Automobile auf PPE-Basis sind gezielt als globales Angebot ausgelegt. Die Fertigung ist sowohl in europäischen Standorten als auch im größten Einzelmarkt von Audi in China geplant. In Changchun errichtet Audi eigens ein neues Werk, in dem ab Mitte des Jahrzehnts Audi-E-Automobile auf PPE-Basis vom Band rollen. Betrieben wird das Werk gemeinsam von Audi und dem Joint-Venture-Partner VAW-Volkswagen.

Die PPE ist erstmals dafür konzipiert, eine bisher unerreichte Bandbreite von Volumen-Automobilen zu ermöglichen: Die Spanne umfasst SUV und CUV mit Hochboden ebenso wie Flachboden-Automobile, die zum Kernsegement des Audi-Angebots zählen – wie die Audi-A6-Baureihe. Geplant ist zudem die Erweiterung des PPE-Angebots im B-Segment, dem seit Jahrzehnten volumenstärksten Marktbereich für Audi. Und selbst für das D-Segment, das automobile Oberhaus, bietet die PPE die besten technischen Voraussetzungen.

Mit der PPE wird E-Mobilität nun auch für Kund_innen attraktiv, die Automobilkonzepte jenseits des SUV-Bereichs bevorzugen – wie etwa einen markentypischen Sportback, den der Audi A6 e-tron concept als zukunftsweisendes Angebot interpretiert.

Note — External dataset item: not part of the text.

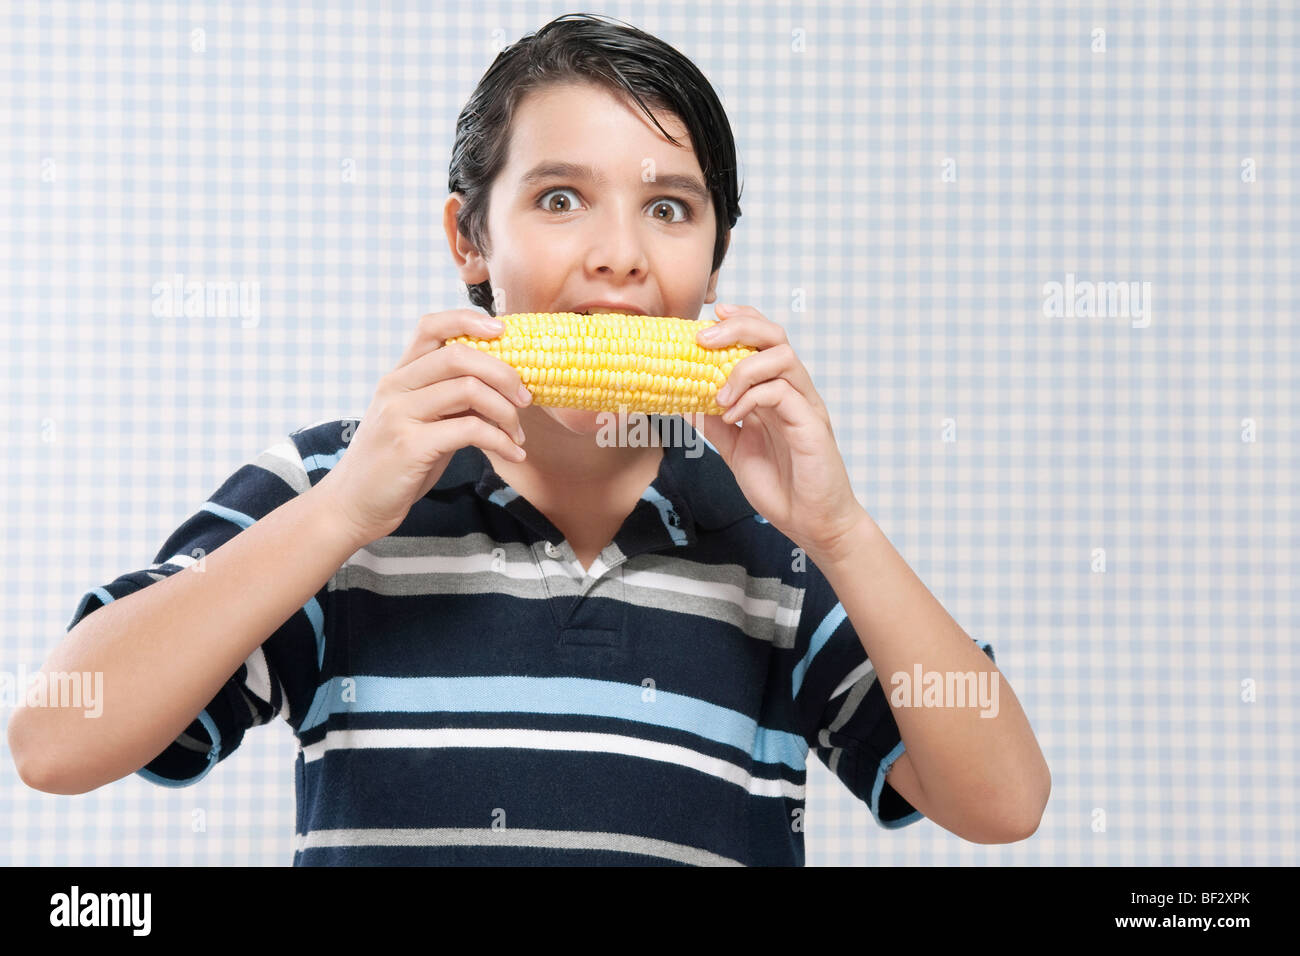 Boy eating corn on the cob Stock Photo
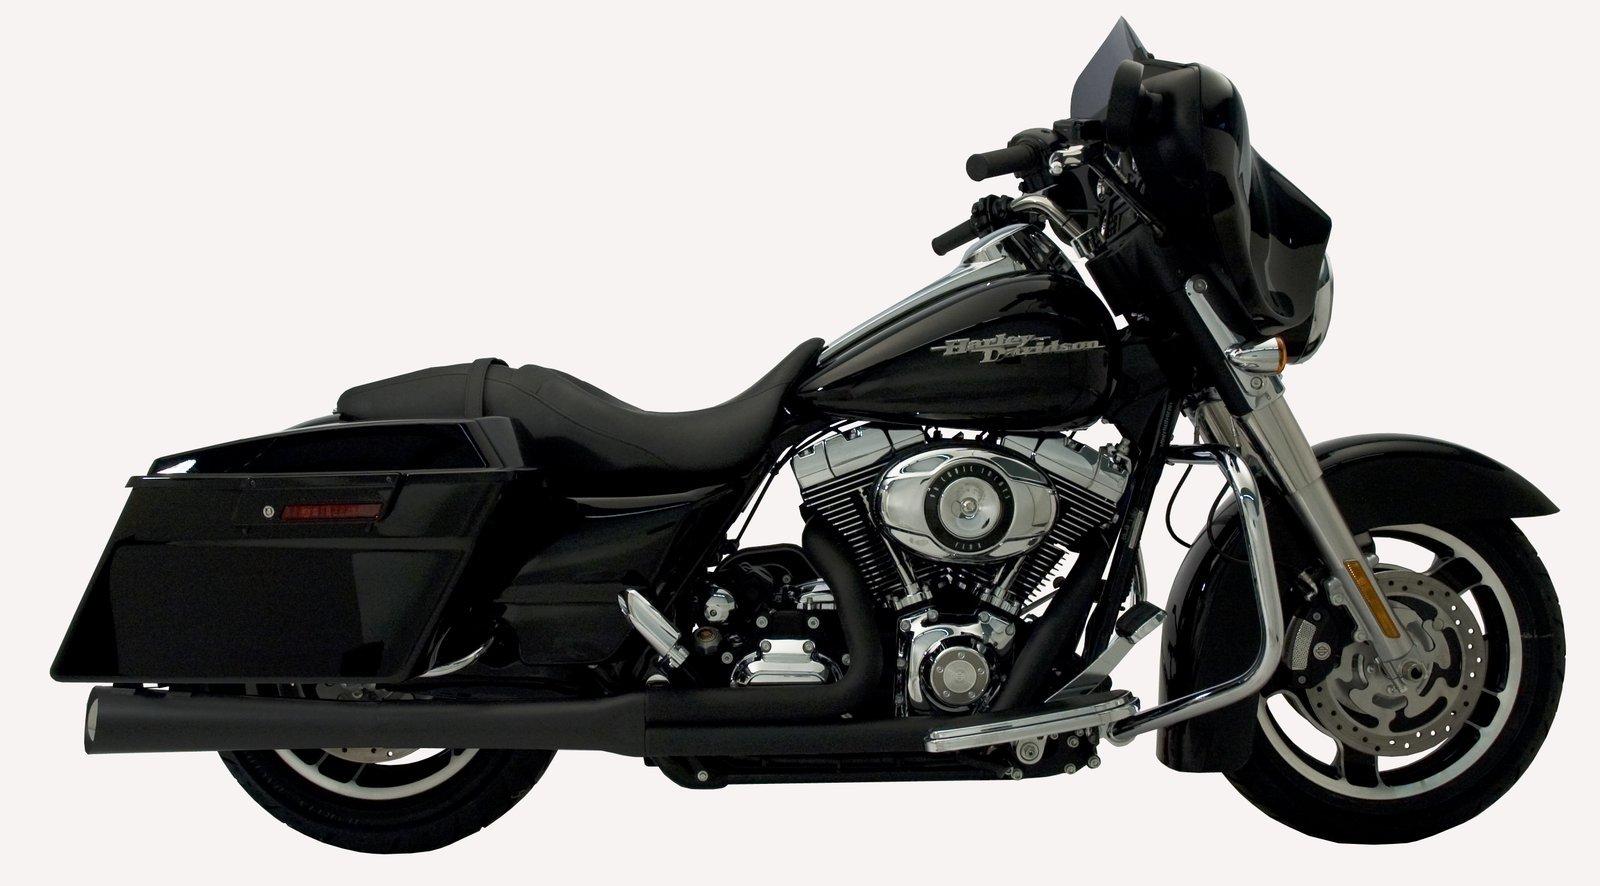 Supermeg 2-1 Black Ceramic Exhaust - For 07-08 Harley Davidson Touring - Click Image to Close

Über die volumenstarken B- und C-Segmente lässt sich das Angebot an E-Automobilen im Markenportfolio besonders wirkungsvoll erweitern. Mit Skalierungseffekten lassen sich zudem Oberklasse-Technologie und vielfältige Modellvarianten in ein weit gespanntes Modellprogramm einbringen, das im Premium-Wettbewerb ohne Beispiel ist.

Und es profitieren auch Flottenverbrauch sowie CO2-Emissionen. Mit einem Satz: Die PPE wird die Transformation Richtung E-Mobilität über Volumen und Vielfalt massiv beschleunigen – und zu einer weiteren Audi-Erfolgsgeschichte machen.